→ Data below:
########################################

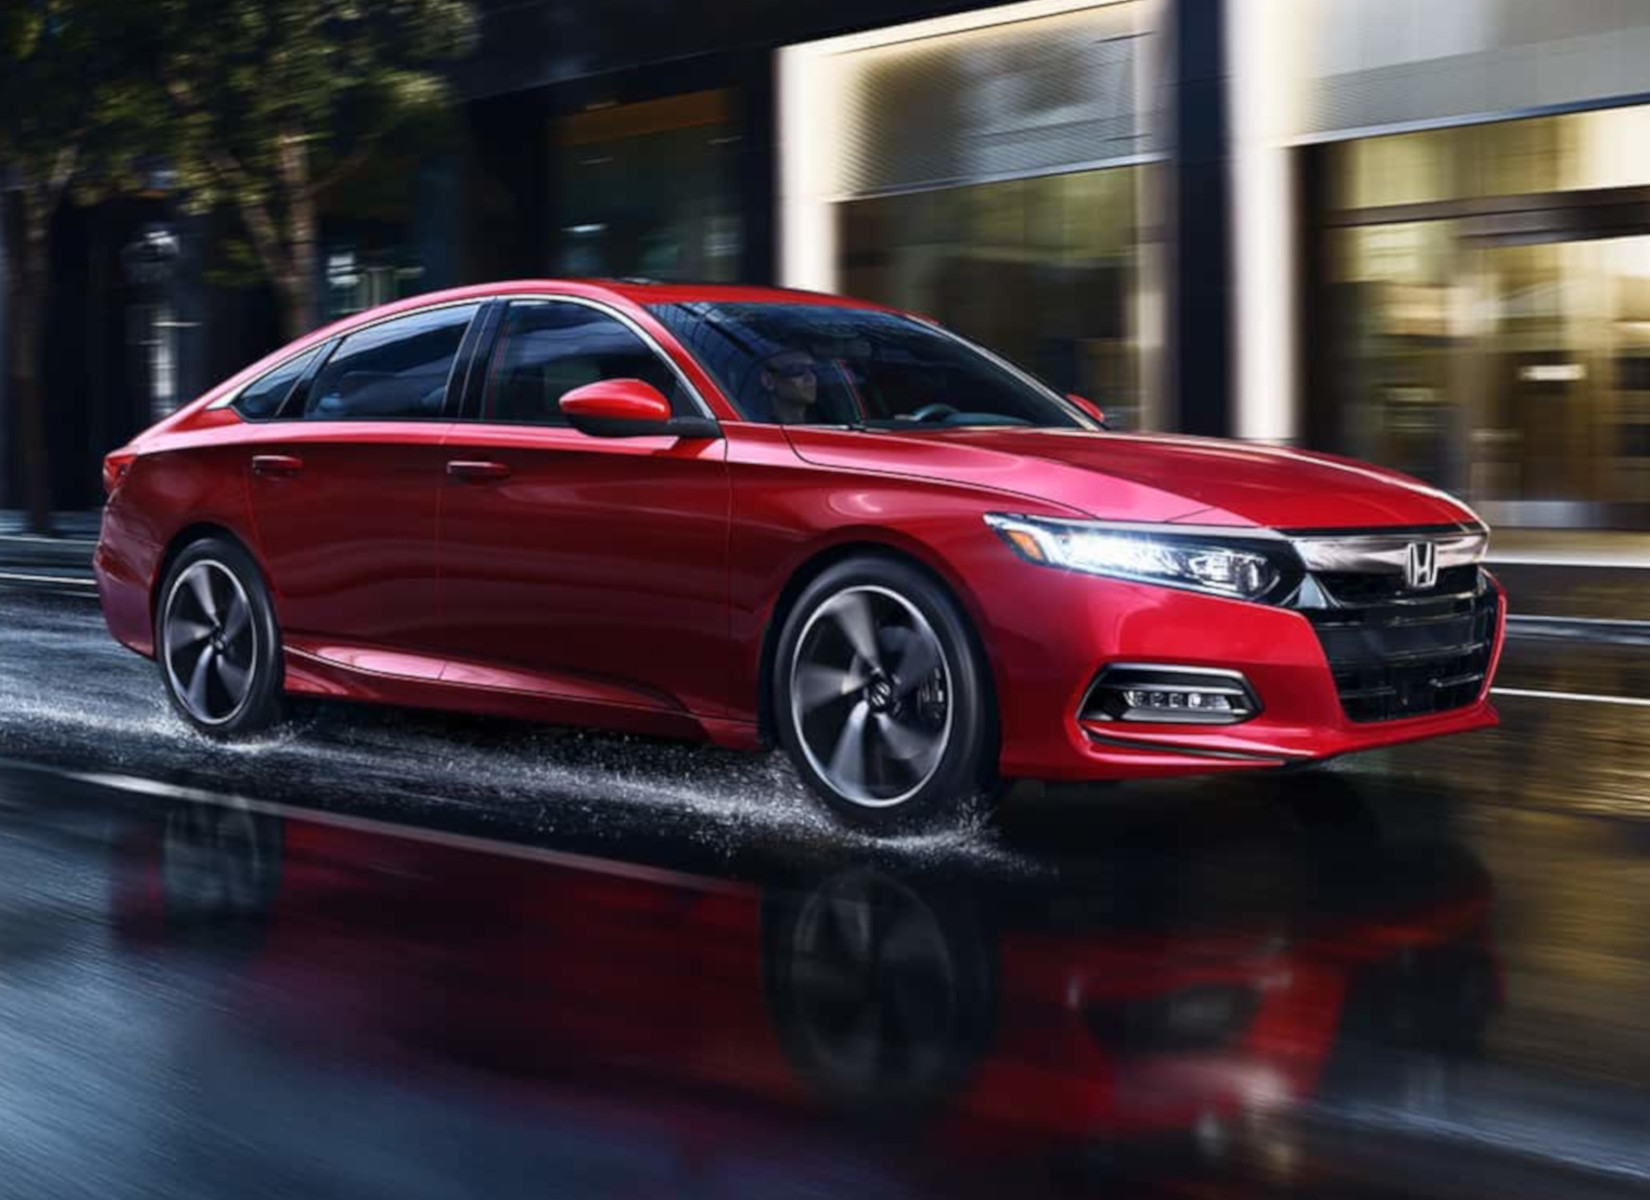 The high-performance 2019 Honda Accord
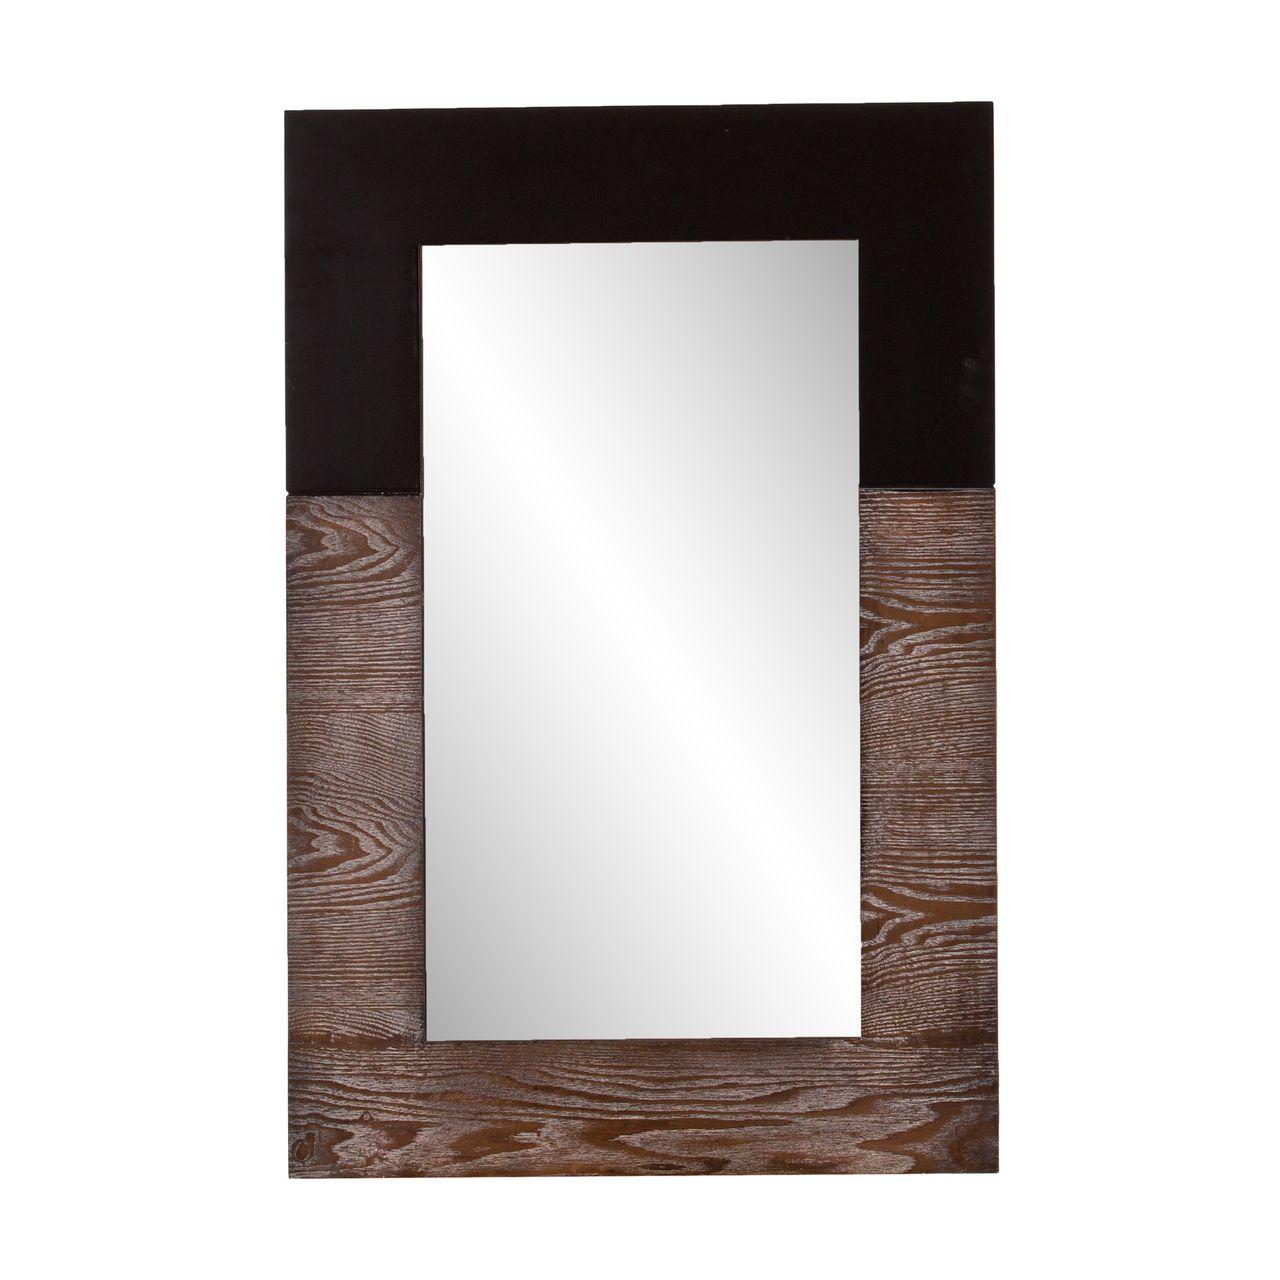 Holly & Martin Wagars Mirror in Burnt Oak/Black
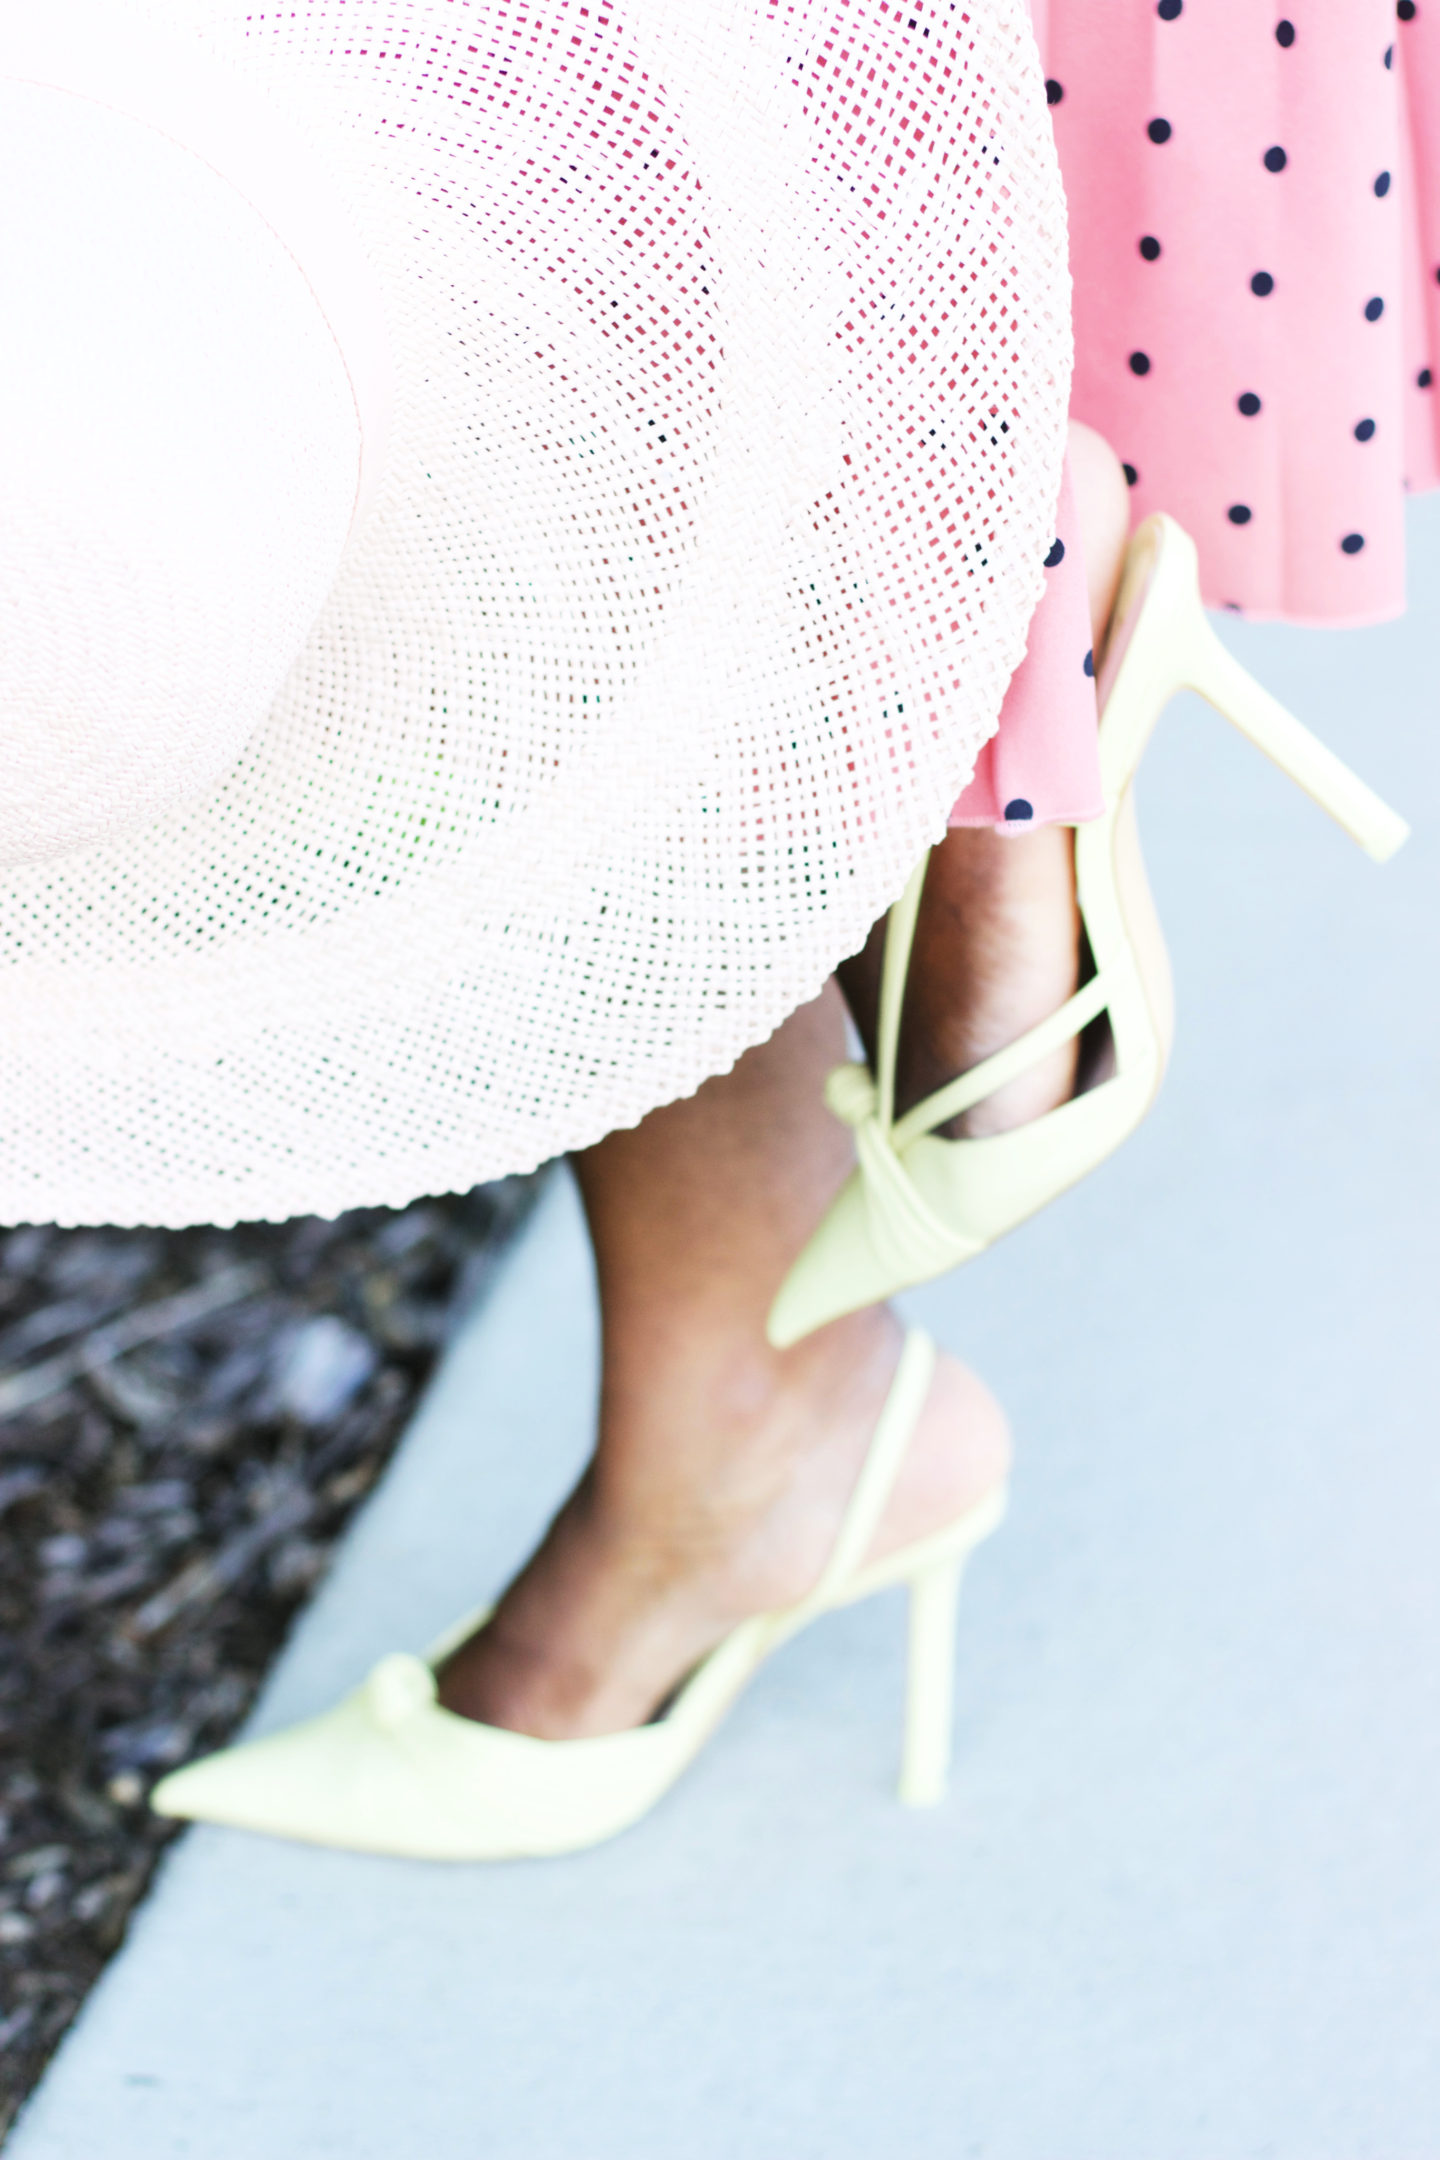 floppy-hat-cute-heels-blogger-style

########################################

→ Problem to work on:
What you give back must match the material above exactly, minus its pictures.

→ Solution for this task:
 The high-performance 2019 Honda Accord
 Holly & Martin Wagars Mirror in Burnt Oak/Black
 floppy-hat-cute-heels-blogger-style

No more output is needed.